Dernier parcours, enfin, celui qui revient sur le souci qu'avait Serres de la langue - sa lutte contre la démission du français devant la domination de l'anglais : La langue française (2005), Mots anglais et langue française (2005 encore), Une langue française en mouvement (2008), Oxymore (2012) Antanaclase (pour la beauté du mot), Mots gaillards et polissons, en 2013, avec une explication japonisante de l'histoire de Madame Butterfly au doux nom de Madame Chysanthème - cette fleur désignant un homosexuel passif... - et la déploration de "l'influence accablante et lourdingue du puritanisme anglo-saxon.

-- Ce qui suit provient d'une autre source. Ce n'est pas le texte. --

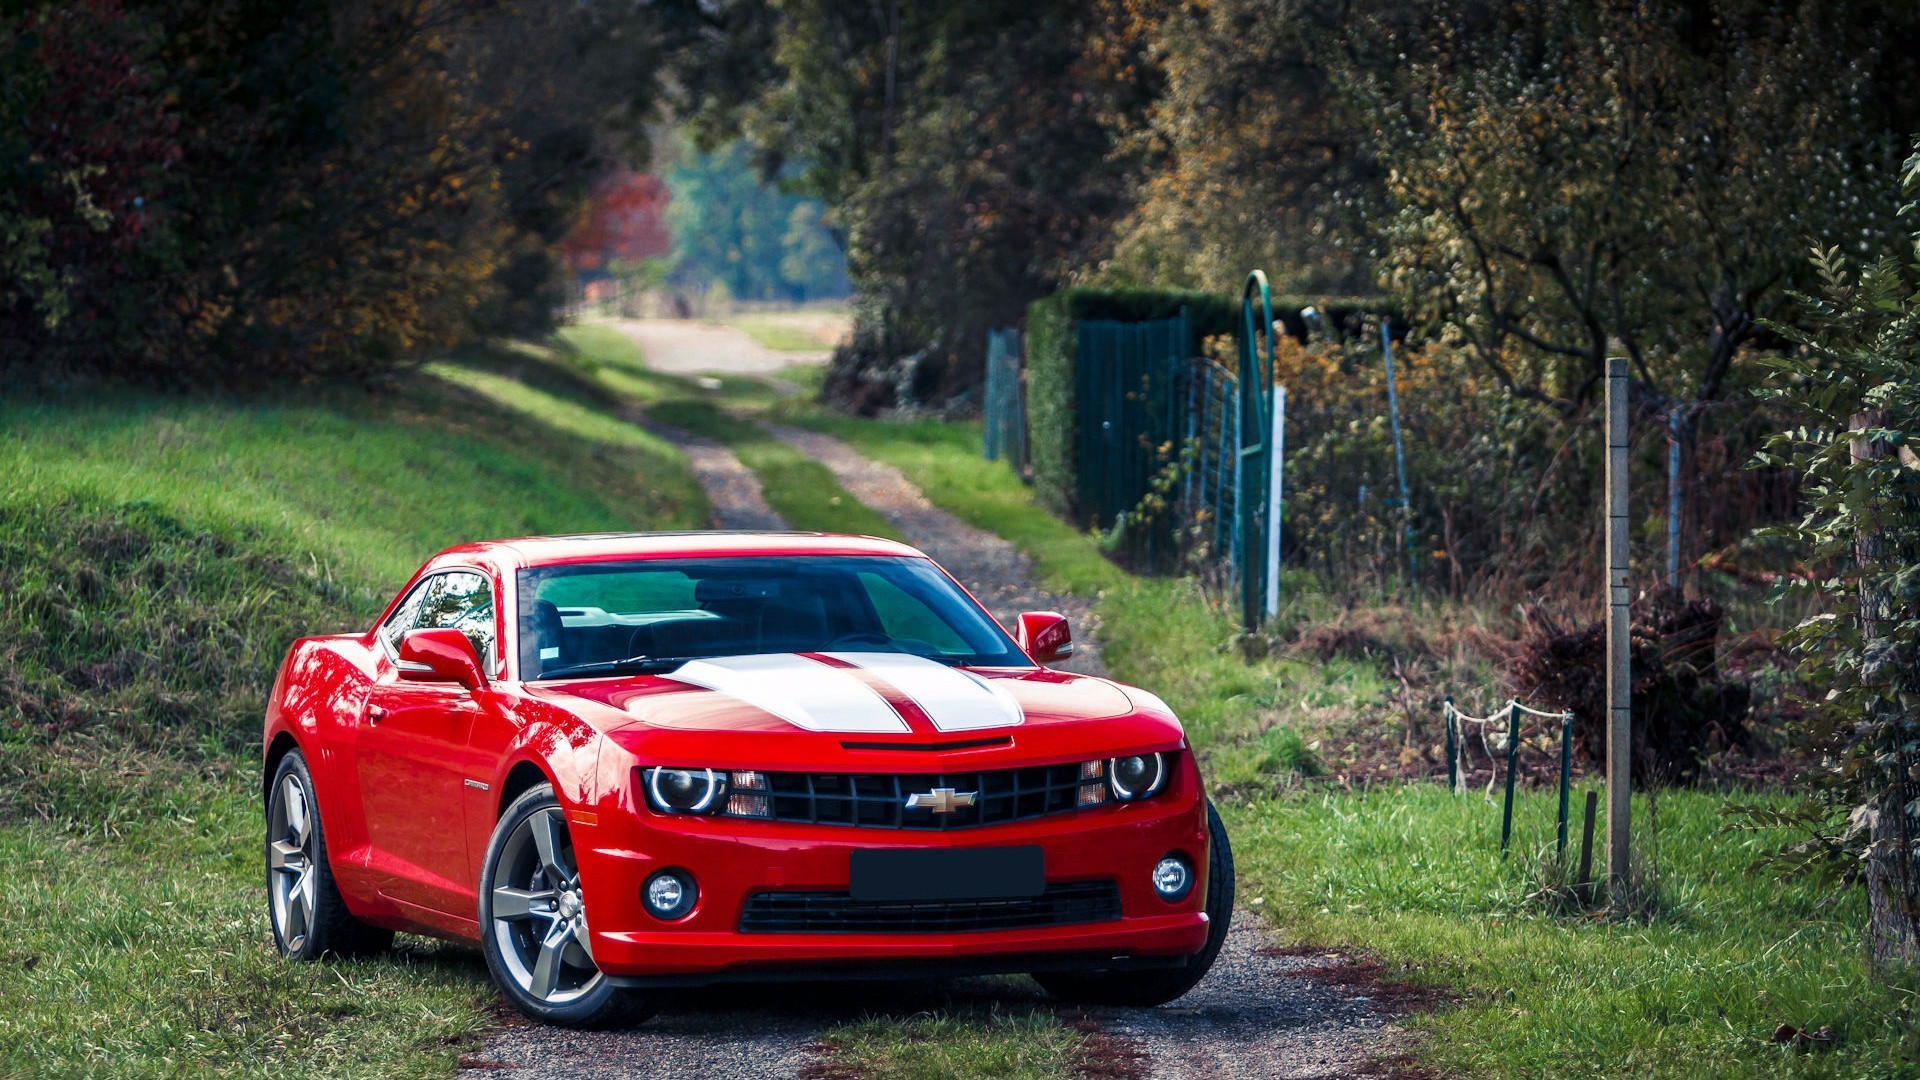 General 1920x1080 car red cars vehicle outdoors Chevrolet Chevrolet Camaro American cars muscle cars racing stripes

Quel que soit le chemin que vous suivrez, il passera nécessairement par la recherche obstinée de la vérité qui fut celle de Serres (une vingtaine d'occurrences) et sa détestation de la violence (41 occurrences)

Je vous souhaite à tous d'avoir ces Bonnes nouvelles comme livre de chevet. Elles sont un antidote parfait à la sottise dominante.

PS : Un index des notions rencontrées, un index des personnes et des personnages nommés, une table alphabétique des chroniques, une table chronologiques des chroniques peuvent vous aider si vous craignez de vous perdre.